Enfin, la rapidité du traitement visuel pour des scènes présentées latéralement (3.5°) semble être le fait d’un parallélisme massif : le coût comportemental est faible, en précision (3%) et en temps de réaction (12 ms), et la trace électrophysiologique de décision est à peine retardée (au maximum 10 ms). Une autre étude menée systématiquement à des excentricités plus grandes (Thorpe et al 99) n’attribue les mêmes coûts qu’au plus faible échantillonnage par la rétine. Le mécanisme de recentrage de l’entrée visuelle proposé par Kosslyn et par le modèle d’Olshausen ne semble donc pas intervenir dans cette tâche.

informations utilisées

Les informations sur lesquelles reposent ces traitements sont peu nombreuses, même pour une tâche d’analyse de scènes naturelles, a priori complexes et riches de détails. Les expériences en vision latérale ont montré que le plus faible échantillonnage de la rétine affecte peu le comportement et la décision visuelle ; une faible acuité est donc suffisante pour la reconnaissance. De même, l’absence de couleur dans les scènes n’affecte que de façon ténue les temps de réaction comportementaux et la latence de décision visuelle. Cette tâche pourrait donc essentiellement reposer sur les informations véhiculées par les voies magnocellulaires, rapides et achromatiques. Il est ainsi probable que la voie ventrale du système visuel soit beaucoup plus influencée par les informations magnocellulaires alors qu’on l’avait pensée principalement parvocellulaire (Desimone et al. 1985).

bases cérébrales

Les mécanismes cérébraux impliqués dans une telle tâche de reconnaissance recrutent l’ensemble des aires de la voie ventrale. Nous n’avons observé aucune supériorité hémisphérique claire dans la tâche ‘Animal vs Non-Animal’. Deux types d’activations différenciées ont pu être mises en évidence : des activations précoces entre 100 et 140 ms, observées dans le cas de la couleur et des animaux. Pour la couleur, nous avons pu observer que ces activations ne sont pas modifiées par la tâche à accomplir (cibles ou distracteurs), et sont donc le reflet d’un encodage visuel. Tout laisse à penser que l’activation précoce observée dans le cas des animaux provienne d’un mécanisme

d’encodage similaire. Ensuite, les activations mises en évidence à partir de 150-170 ms différencient cibles et distracteurs quelle que soit la catégorie cible. Nous avons proposé que ce phénomène soit lié à une activité de type décisionnel, étant indépendant de ce qui est cible ou distracteur de la tâche. Cette différence à partir de 150 ms est très proche de la négativité de sélection (SN), observée dans des expériences en potentiels évoqués sur l’attention sélective à des traits visuels simples et à la couleur. Comme nous l’avons mentionné à la fin du deuxième chapitre, il est probable que nous observions cette négativité de sélection dans le cas de l’attention portée à la catégorie Animal. Il est remarquable cependant d’observer que la latence de cette sélection est identique à celles observées dans quelques études pour des traits visuels simples1, ou comme nous l’avons vu, à des formes comme des carrés ou des ronds.
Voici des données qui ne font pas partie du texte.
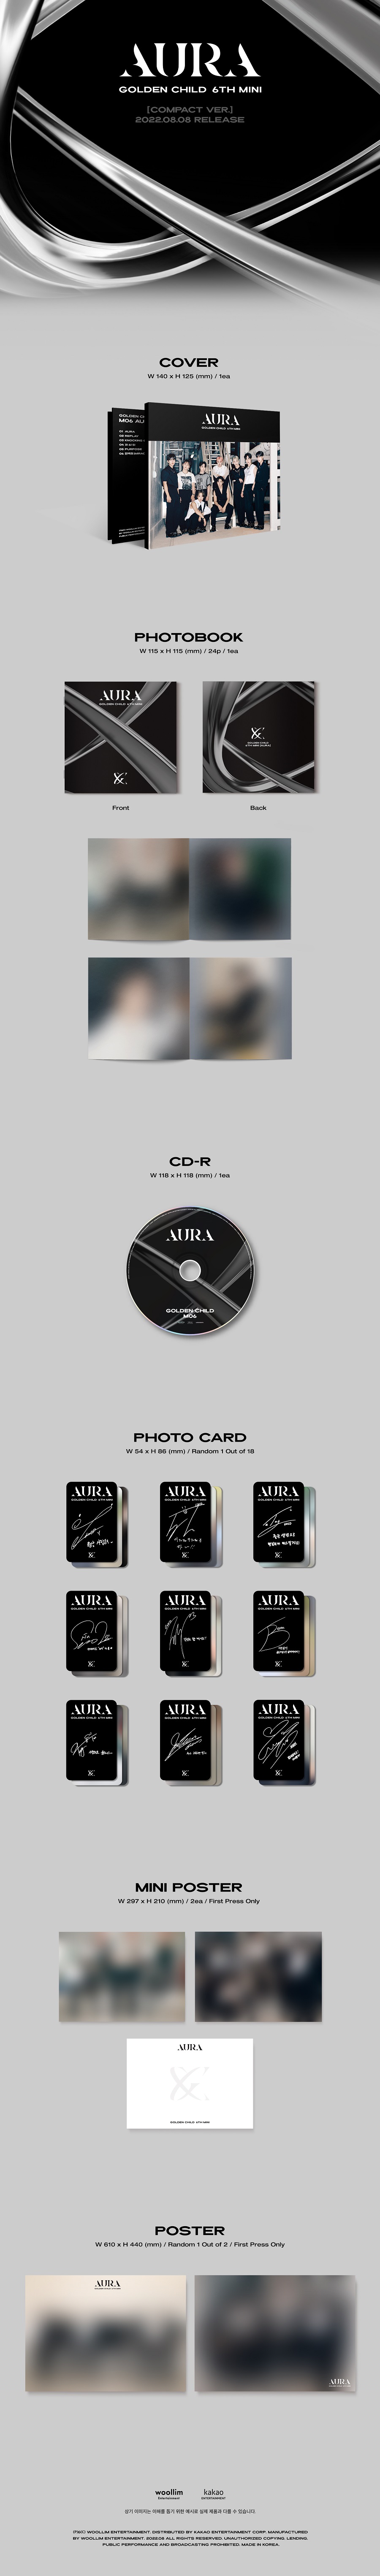 GOLDEN CHILD(골든차일드) - 미니 6집 [AURA] Compact ver. (*Limited Edition)

L’étude en IRMf révèle les gyri occipital médian, cingulaire et fusiforme comme étant le siège d’activités différenciées lors de la tâche. Cette étude en IRMf nous a permis de proposer que ces aires visuelles voient leur activité réduite lors de la détection de cibles, via un mécanisme d’inhibition supprimant l’activité des neurones non sélectionnés. Nous détaillerons cette proposition dans la troisième partie de ce chapitre.